### Activity
A faithful copy of all the data is required; pictures should not be included.

### Data shown
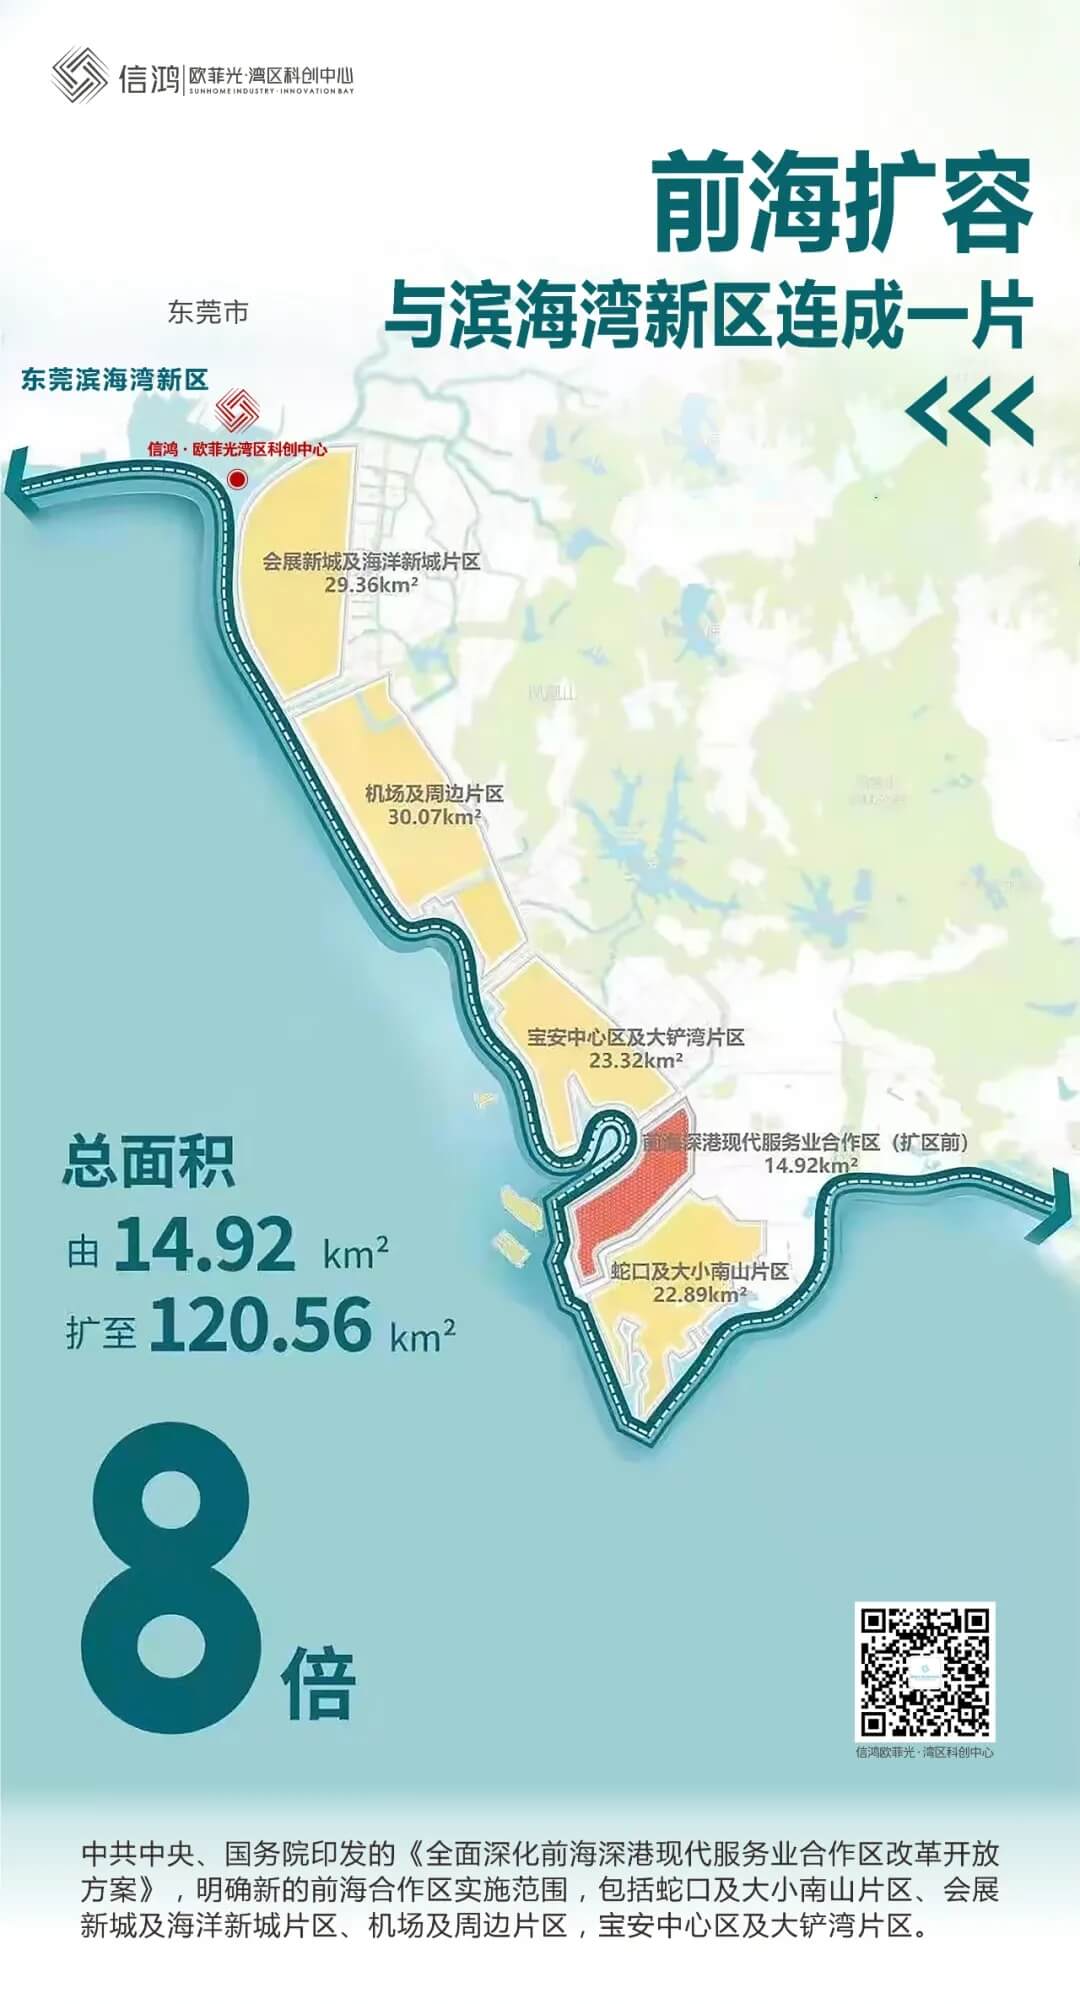 Qianhai expansion, Dongguan Bay New Area to benefit!  
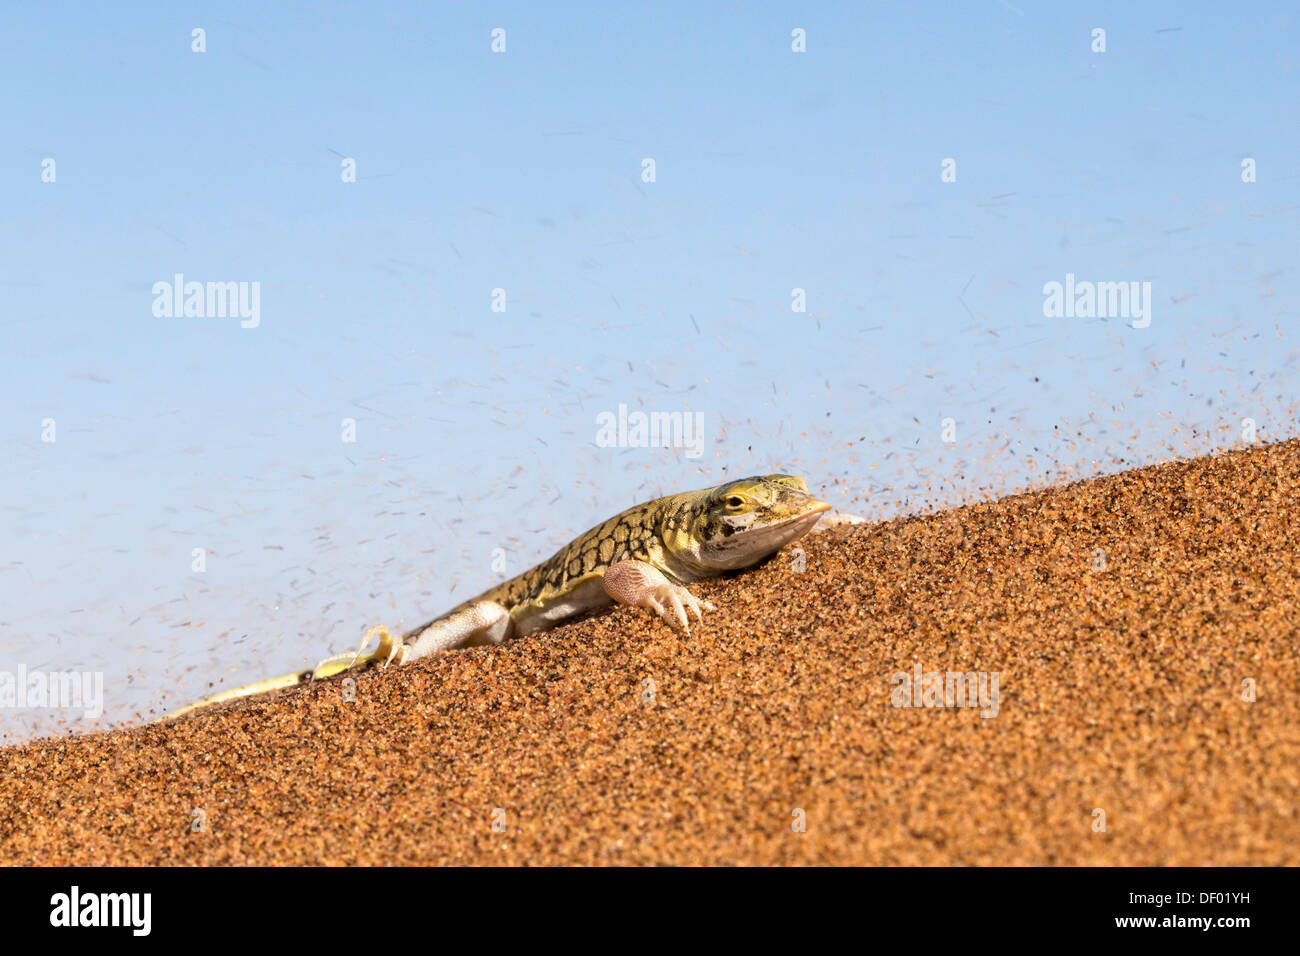 Shovel-snouted lizard (Meroles anchietae), Namib Desert, Namibia, April 2013 cropped Stock Photo
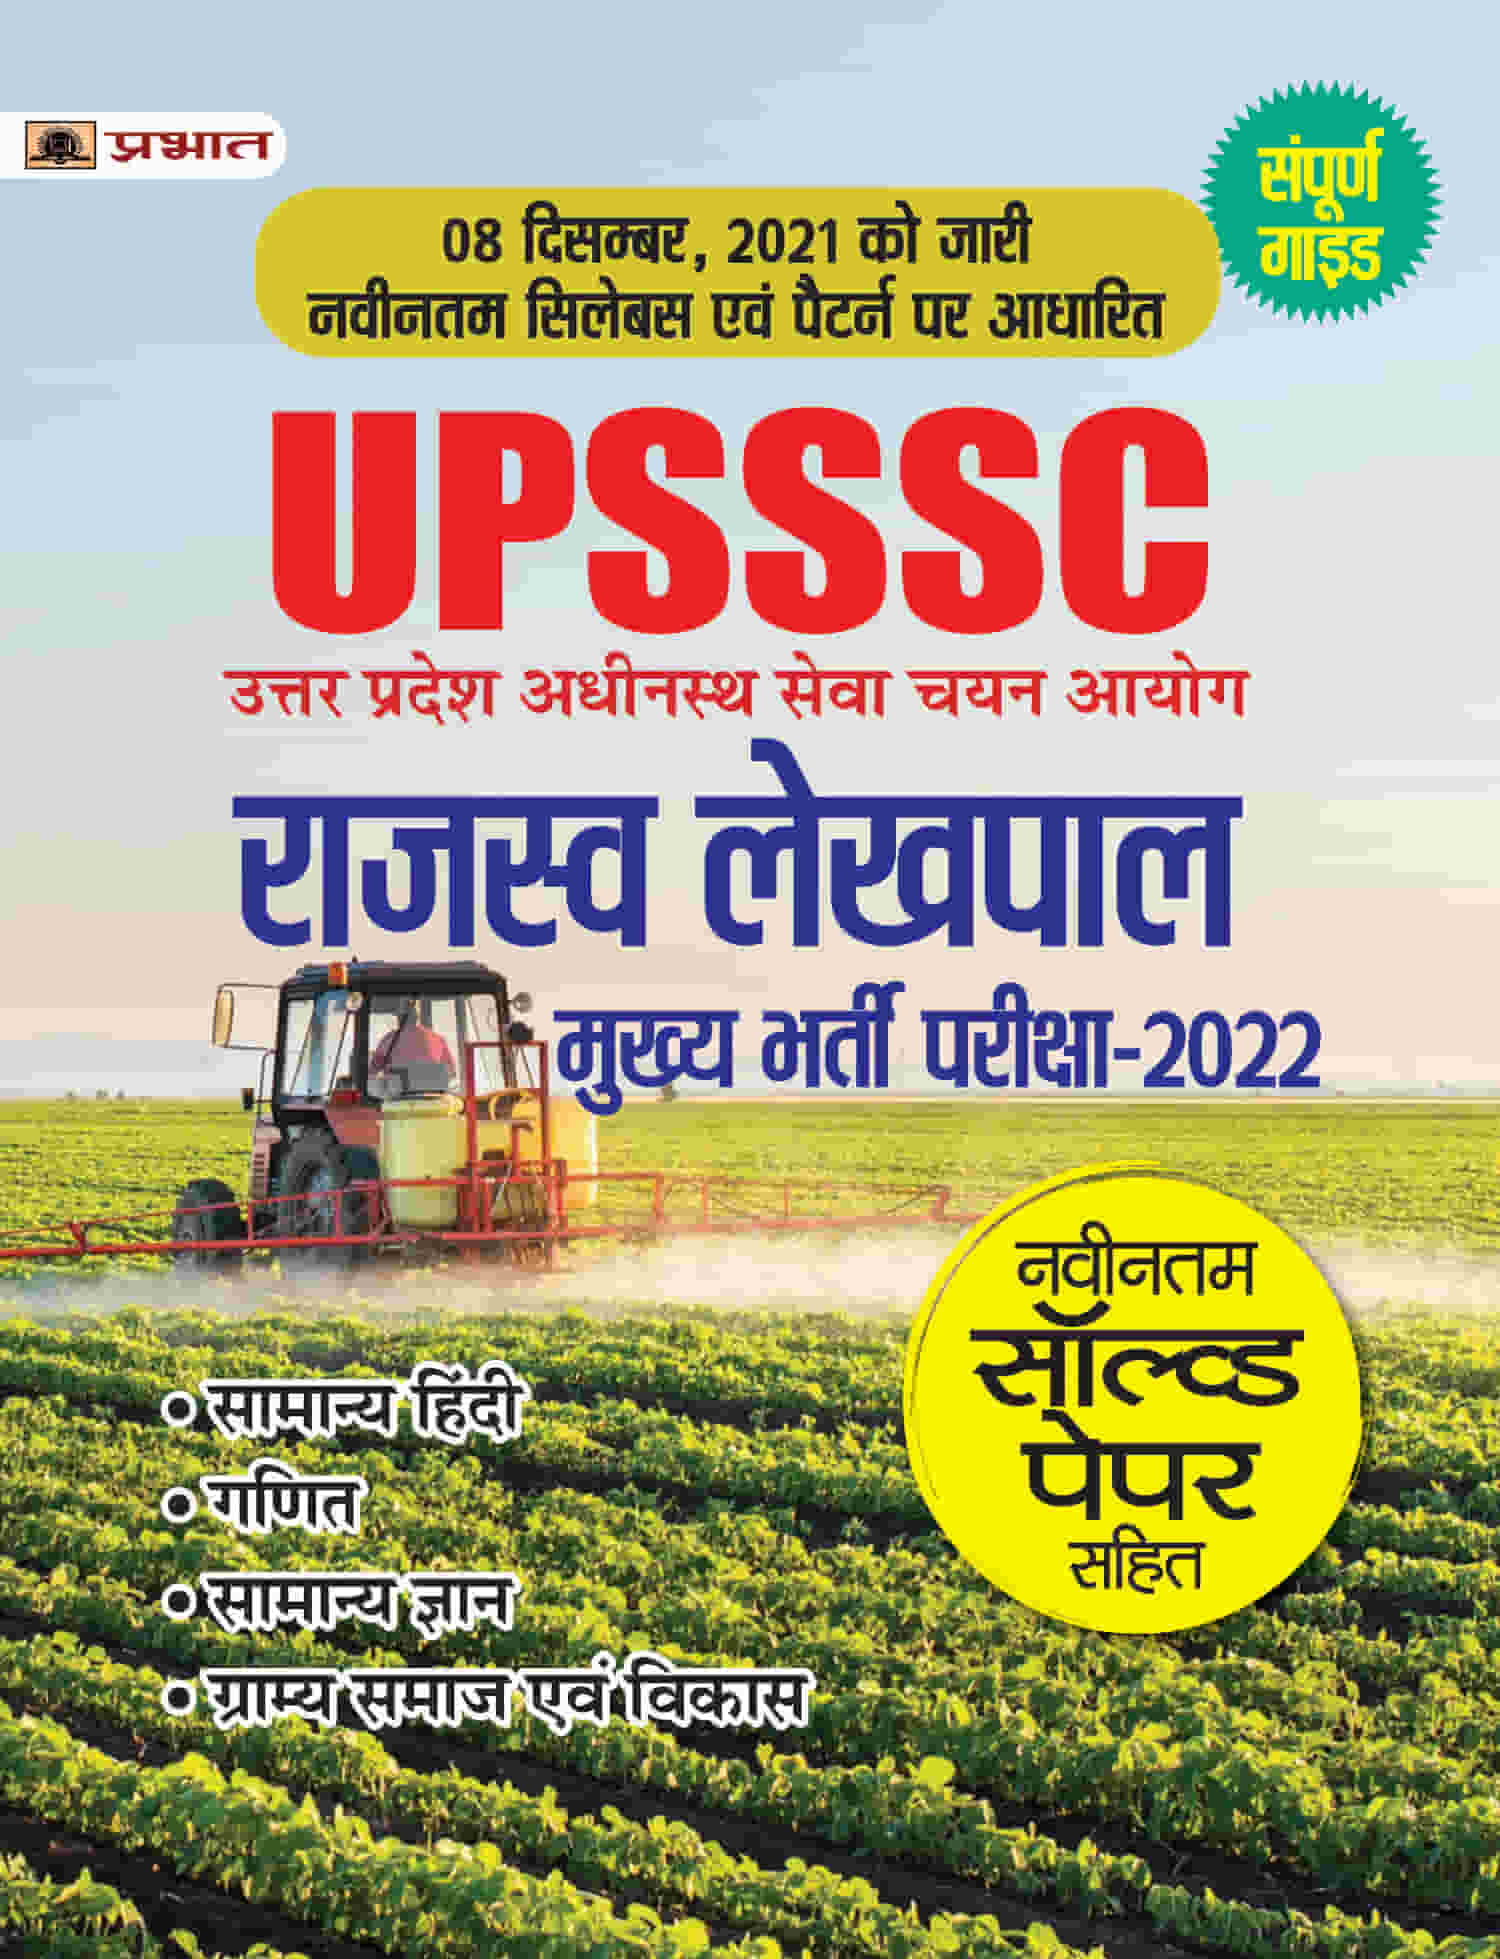 UPSSSC Rajaswa Lekhpal Bharti Pariksha- UPSSSC Lekhpal Entrance Exam 2022

### Your response
 Qianhai expansion, Dongguan Bay New Area to benefit!  
 Shovel-snouted lizard (Meroles anchietae), Namib Desert, Namibia, April 2013 cropped Stock Photo
 UPSSSC Rajaswa Lekhpal Bharti Pariksha- UPSSSC Lekhpal Entrance Exam 2022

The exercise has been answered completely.